I recently discovered Facebook and find it easier to post there than on my own blog. I confess it's because there are other people around. It doesn't feel as lonely. I just posted 3 photo albums there: about going to New Orleans, my Maine studio and Push Pull at LACMA last spring. I'm still a bit confused about what goes where on the net.
Here I can post in more depth about my own concerns. Primary right now are the Bush efforts to hamstring our future with his political appointees, as NOAA and legislative roll backs on critical legislation, as endangered species. It's hard to fathom if the man has any understanding or integrity at all but that's not my concern. My concern is how the new administration can put things back together. This Tuesday, Hannah Pingree will be on the Virtual Concerts and I shall ask her exactly that. Pingree is the Majority Leader for the Maine House of Representatives and daughter of Chellie Pingree, newly elected to the US Senate.
The US Supreme Court just ruled that the Navy can conduct sonar tests despite clear evidence of damage to whales, dolphins and other sea creatures. I hope the international court takes us to court over this. California, whose coast this concerns has recently passed a farm animal protection bill and Spain has addressed specism. Isn't it time to put Manifest Destiny on trial?
The artist Bonita Ely has sent me a link to the Australian Broadcasting Corporation's Nov 11, 2008 program on lost drift nets, ghostnets in the Gulf of Carpinteria in Northern Australia. As is happening globally, the lost & discarded gear of foreign, mostly southeast Asian, particularly Thai, fishing fleets has wadded up in enormous balls.

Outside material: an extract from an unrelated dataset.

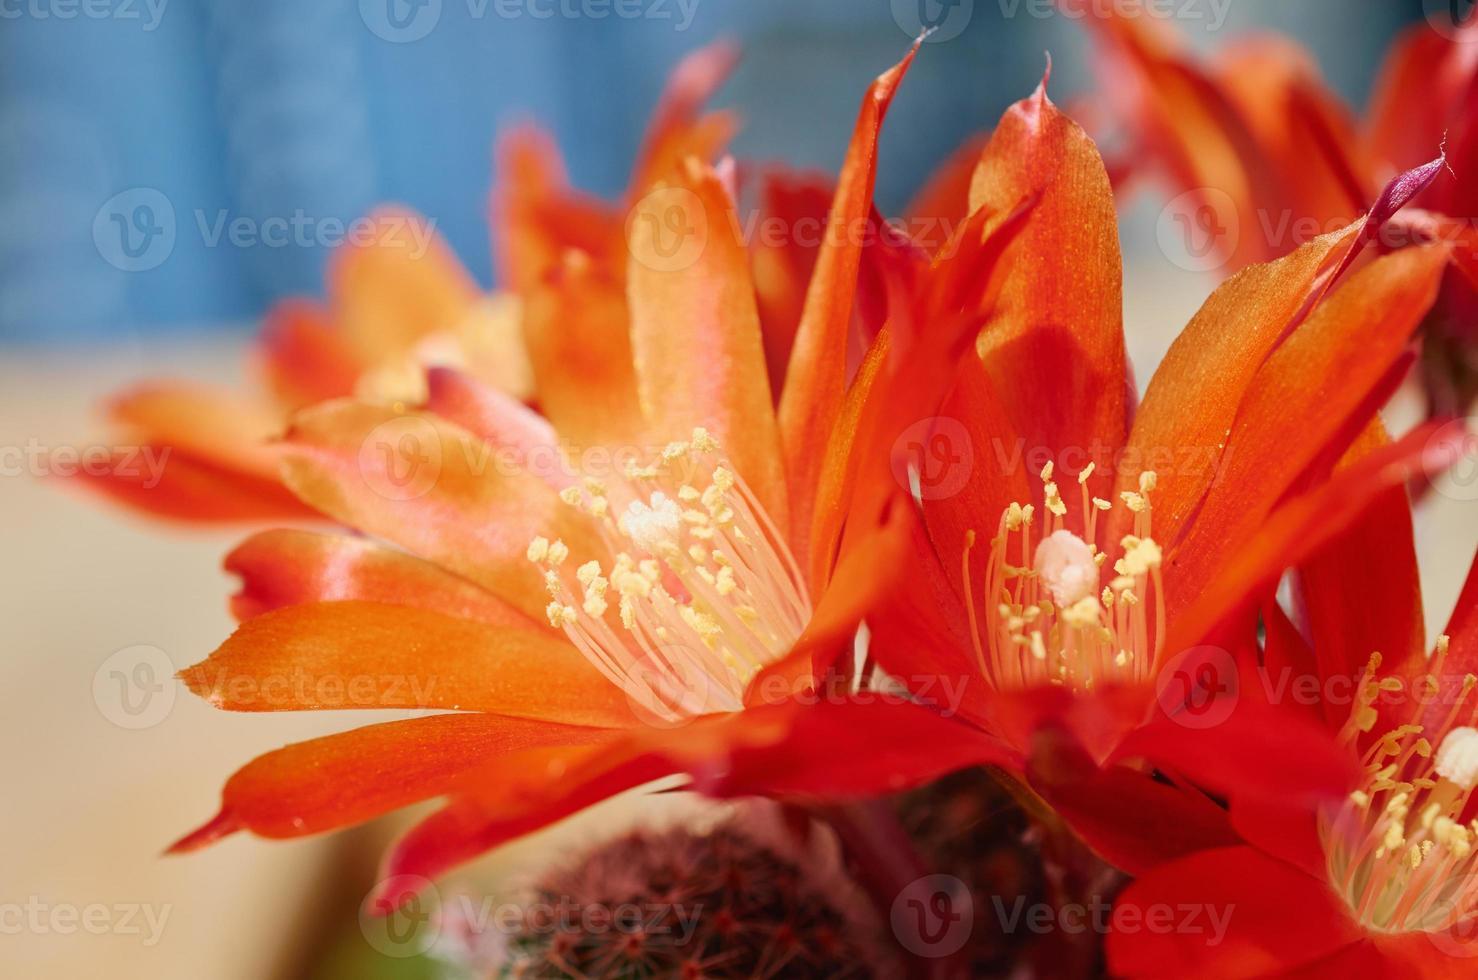 bloem cactus rebutia heliosa macro op natuur achtergrond foto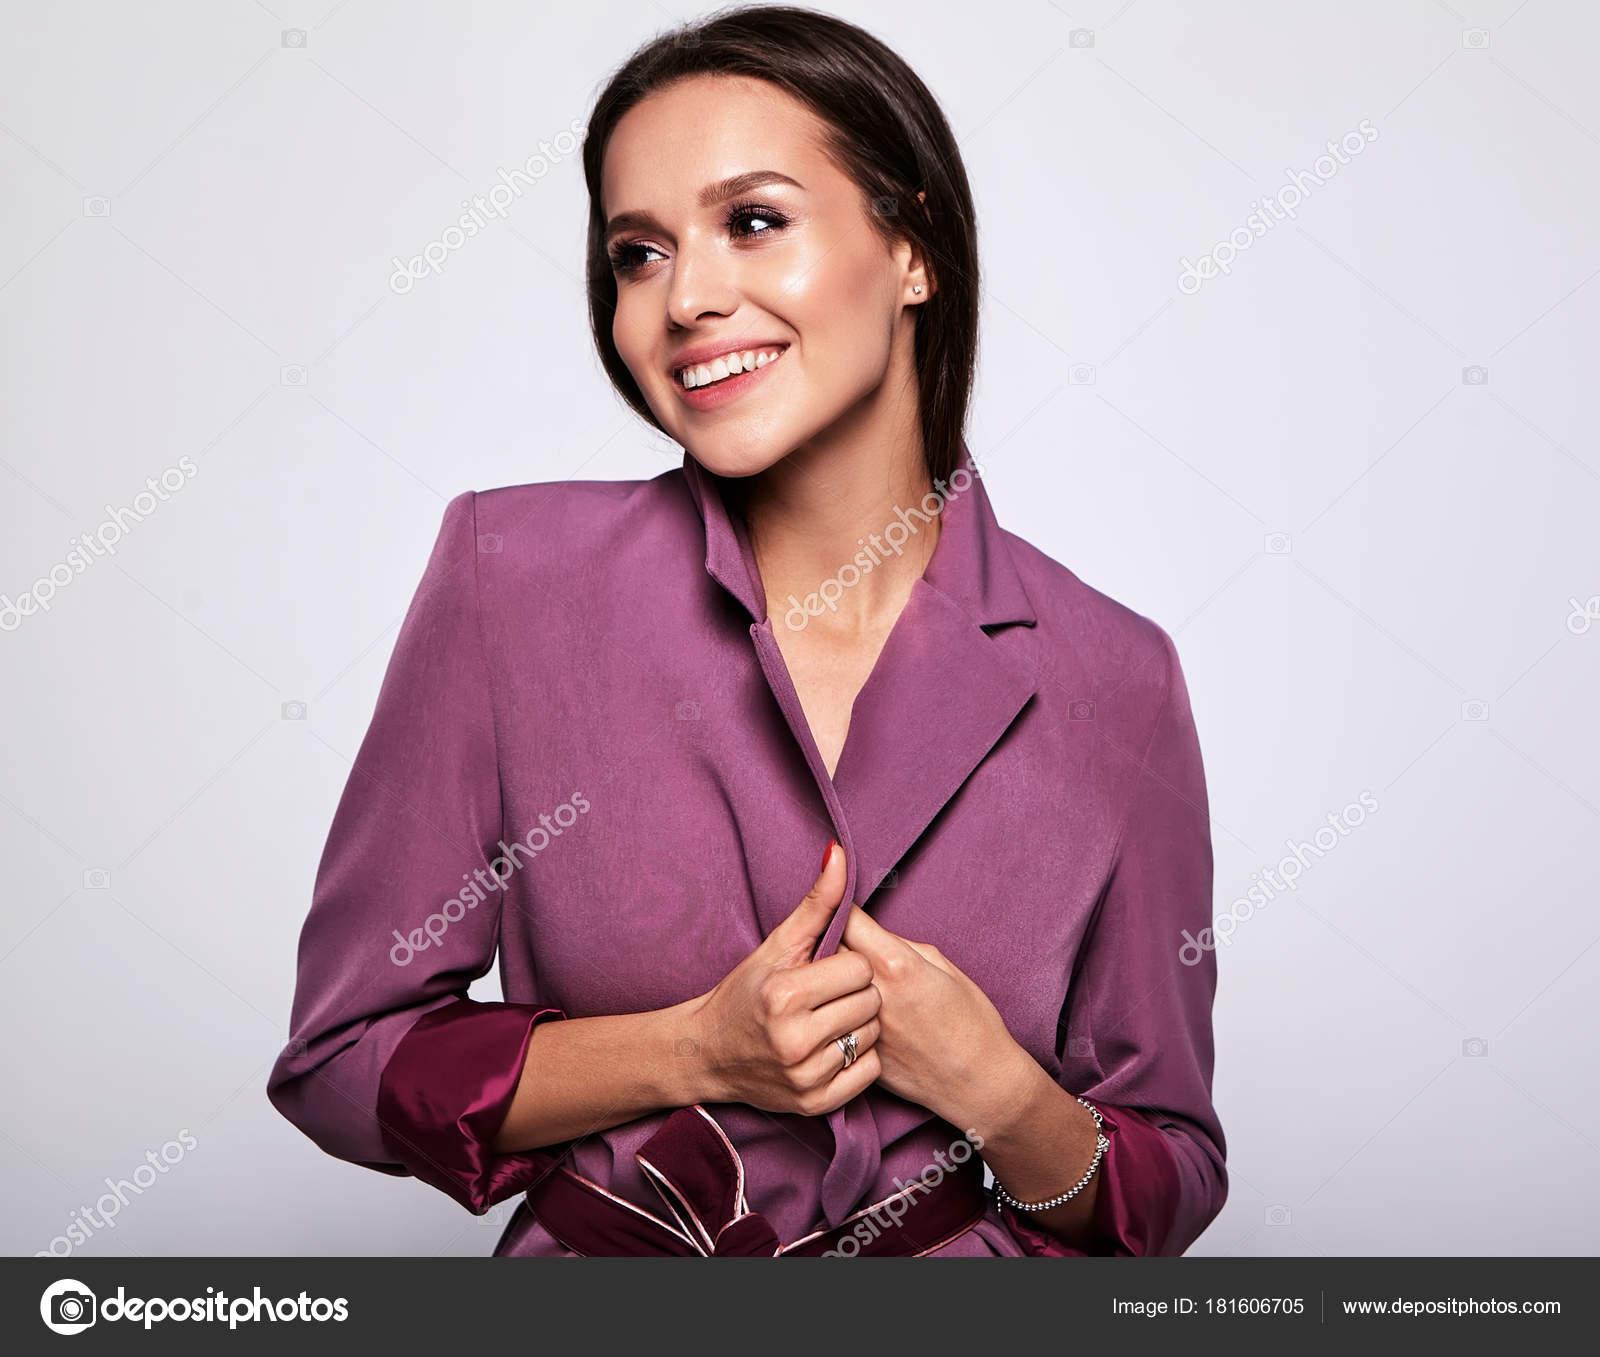 66aa8cd05d5a Πορτρέτο του όμορφη γυναίκα μελαχρινή μοντέλο σε ροζ κοστούμι που δεν  μακιγιάζ που απομονώνονται σε γκρι — Εικόνα από ...

The largest found so far: 6 kilometres, weighing 6 tons and 6 metres deep.
http://www.abc.net.au/7.30/content/2008/s2415642.htm
The ghostnets kill mostly turtles, but also lots of birds, endangered fish as well as being threats to local small fishing boats manned by indigenous people.
It's hard (painful, wearying) for me to comment on these nets. For twenty years, ghostnets has been the moniker for the core of all my work: Ghost Nets, the project. I can still rage at their existence, despair at the short sightedness of people who use them and extrapolate about the implications for all the habits and routines of thinking and behavior that permits this horror and is reflected in so many other aspects of social and cultural norms. They have been outlawed in many places but ocean currents wash them up from illegal or simply unregulated boats to be deposited wherever the tides take them. I can still be sadly reminded of how apt the metaphor is.
What I can say that's positive, is that there are cadres of volunteers trying to clean them up. Gary Luchi of the Carpenteria Ghostnets Program wants to initiate educational programs in the countries of origin for these deadly nets and invite volunteers to come help clean them up. One day walking the beaches and seeing dead animals entwined in the monofilament wires may speak louder than anything else.
Since the election, I have felt a great sense of elation and deflation. The elation is that the Republican corruption and mis-management is at least temporarily purged; that youthful idealism and hope once more has a place in this democracy. The deflation is what a big job is ahead and the fact that all the same problems prevail.
One of those problems is the difficulty of being heard with innovative thinking. Al Gore posted a long editorial in the NY Times Sunday, listing what the administration needs to do to address global warming. It was shockingly tame. It included obvious points such as low emission cars. It did not mention the potential of art to introduce entire fresh thinking.
It was my honor to work with Dr. Jim White of the INSTAAR Institute and the Unversity of Colorado at Boulder, in 2007, to create "Trigger Points/ Tipping Points," an installation and DVD for the "Weather Report" show at the Boulder Museum of Contemporary Art in Boulder. Now we are planning to resume work in January 2009. In our original project, we compared conflict zones in three deltaic systems impacted by global warming and climate change: Darfur in relation to the Nile, Bangladesh in relation to the Ganges and New Orleans in relation to the Mississippi. We are not sure where we will go now. Our goals are to break some new ground and open some doors and windows in how to think aboutt he problems ahead.
In sum, it's a heartening time despite the mountain of ecological problems to address. I sense in colleagues, that we are all entering a new era of possibility in the face of our challenges. May it be so.